So far so good, but we started to see the GC getting more and more inefficient, and at some point, all the 4 VMs where we've the API running used to run out of heap space. The GC attempts got bigger, at times I'd see 3-4000 collections during the process. To add to my surprises, all VMs started crashing within minutes of each other once every 3-4 days. We use a super awesome product called NewRelic to monitor our services farm, and the behavior I noticed was that of a somewhat massive memory leak. Not only that, the GC CPU Utilization hit as much as 70% right before the VM crashes. We did an internal code review, not once, not twice but many times over and over. We used yourkit and tried to simulate this on local and stage, still no help.
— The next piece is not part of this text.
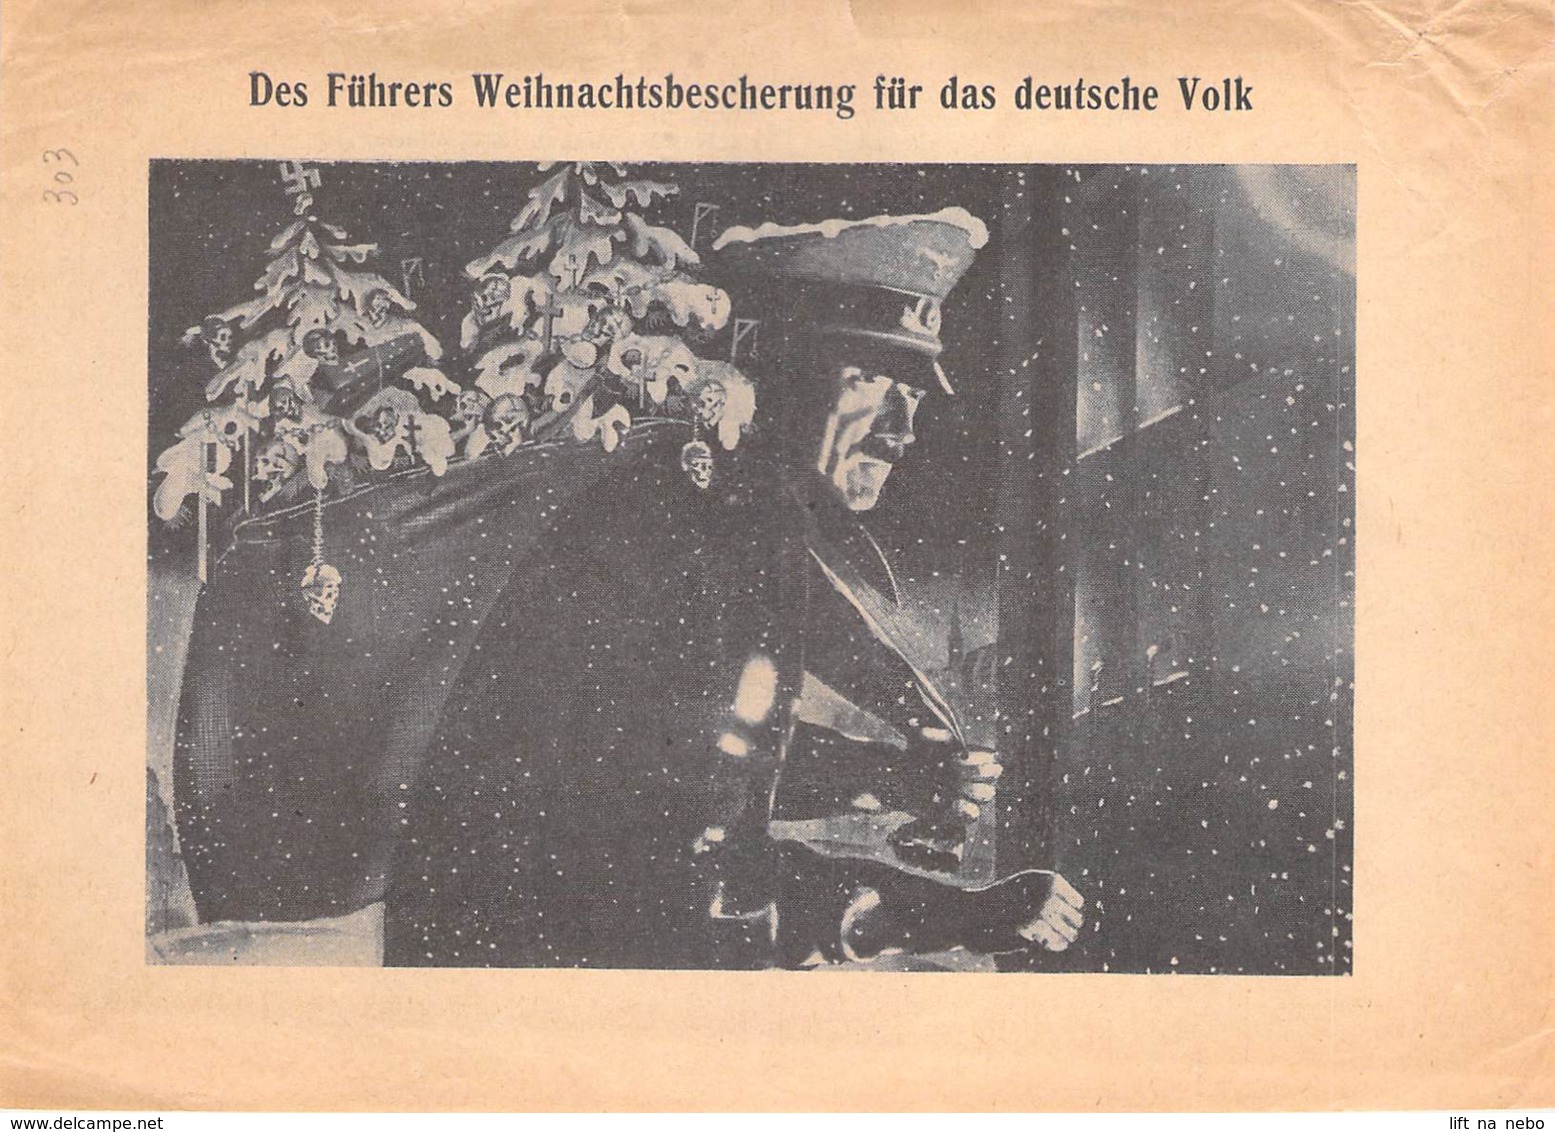 WWII WW2 Leaflet Flugblatt Tract Soviet Propaganda Against Germany CODE 578  FREE STANDARD SHIPPING - 1939-45

This was going on for a good few weeks till we launched a new product, the IGN Stock Exchange. The API volume increased, as did the number of PersonNotFoundExceptions given the various touchpoints across ign.com. Now instead of the servers blowing up every 3-4 days, the blowups started happening every 2 hours. I tried changing application log levels to FATAL from WARN in a desperate attempt to save the servers but no help. The logs kept rolling, and so did the memory on the VMs.
We run a completely stateless (although not share-nothing) architecture for the API so there was no question of any leaks from the code - which is what baffled me a lot. At this point I dumped the heap from one of the VMs using jmap, compressed it, and scp'd it to my local machine. Then I used Eclipse MAT to open it up and there it was:
One instance of "java.util.logging.ConsoleHandler" loaded by "system class loader" occupies 423,661,904 (87.89%) bytes. The instance is referenced by org.apache.juli.ClassLoaderLogManager$RootLogger @ 0x2aaac3945b38 , loaded by "sun.misc.Launcher$AppClassLoader @ 0x2aaac39010e8". The memory is accumulated in one instance of "byte[]" loaded by "system class loader".
Keywords
java.util.logging.ConsoleHandler
sun.misc.Launcher$AppClassLoader @ 0x2aaac39010e8
byte[]
First off, we do not use juli. The app uses Log4j - thats when I noticed that the logs where most of the stuff was getting written were not the application logs, but Tomcat logs, like catalina.out and catalina.YYYY-MM-DD.log. This gave me a hint to look at Tomcat's logging configuration and here is what I found in CATALINA_HOME/conf/logging.properties:
1catalina.org.apache.juli.FileHandler.level = FINE
1catalina.org.apache.juli.FileHandler.directory = ${catalina.base}/logs
1catalina.org.apache.juli.FileHandler.prefix = catalina.
2localhost.org.apache.juli.FileHandler.level = FINE
2localhost.org.apache.juli.FileHandler.directory = ${catalina.base}/logs
2localhost.org.apache.juli.FileHandler.prefix = localhost.
3manager.org.apache.juli.FileHandler.level = FINE
3manager.org.apache.juli.FileHandler.directory = ${catalina.base}/logs
3manager.org.apache.juli.FileHandler.prefix = manager.
4host-manager.org.apache.juli.FileHandler.level = FINE
4host-manager.org.apache.juli.FileHandler.directory = ${catalina.base}/logs
4host-manager.org.apache.juli.FileHandler.prefix = host-manager.
java.util.logging.ConsoleHandler.level = FINE
java.util.logging.ConsoleHandler.formatter = java.util.logging.SimpleFormatter
These are the default settings for Tomcat logging, and too brutal for Production given the FINE level. Although Tomcat does support customizing the logging provider, I did not have much time to experiment while the boxes kept blowing up.
I immediately changed FINE to SEVERE (Since Tomcat uses juli and juli does not have FATAL, which is the Log4j equivalent) and bounced the server. Surprise! No more logging to console.
Earlier, the exceptions were logged at the throw new PersonNotFoundException() line and the traces were dumped in Tomcat's console. I am very curious to find out what could be causing the leak in Tomcat's ConsoleAppender (and quite possibly, juli) but for now I am glad that all VMs are behaving normally, the sawtooth GC pattern is back to normal. I'll change the provider to Log4j and see if that makes any difference, and report back my findings.
At the end of the day, NewRelic was instrumental in helping us isolate the problem, and the offline heap profiling with jmap and Eclipse/MAT saved the day.
So if you're deploying under Tomcat in production, you may want to look at logging.properties, more so if you have a public API that can lead to lot of exceptions being thrown by the app due to validation/bad data.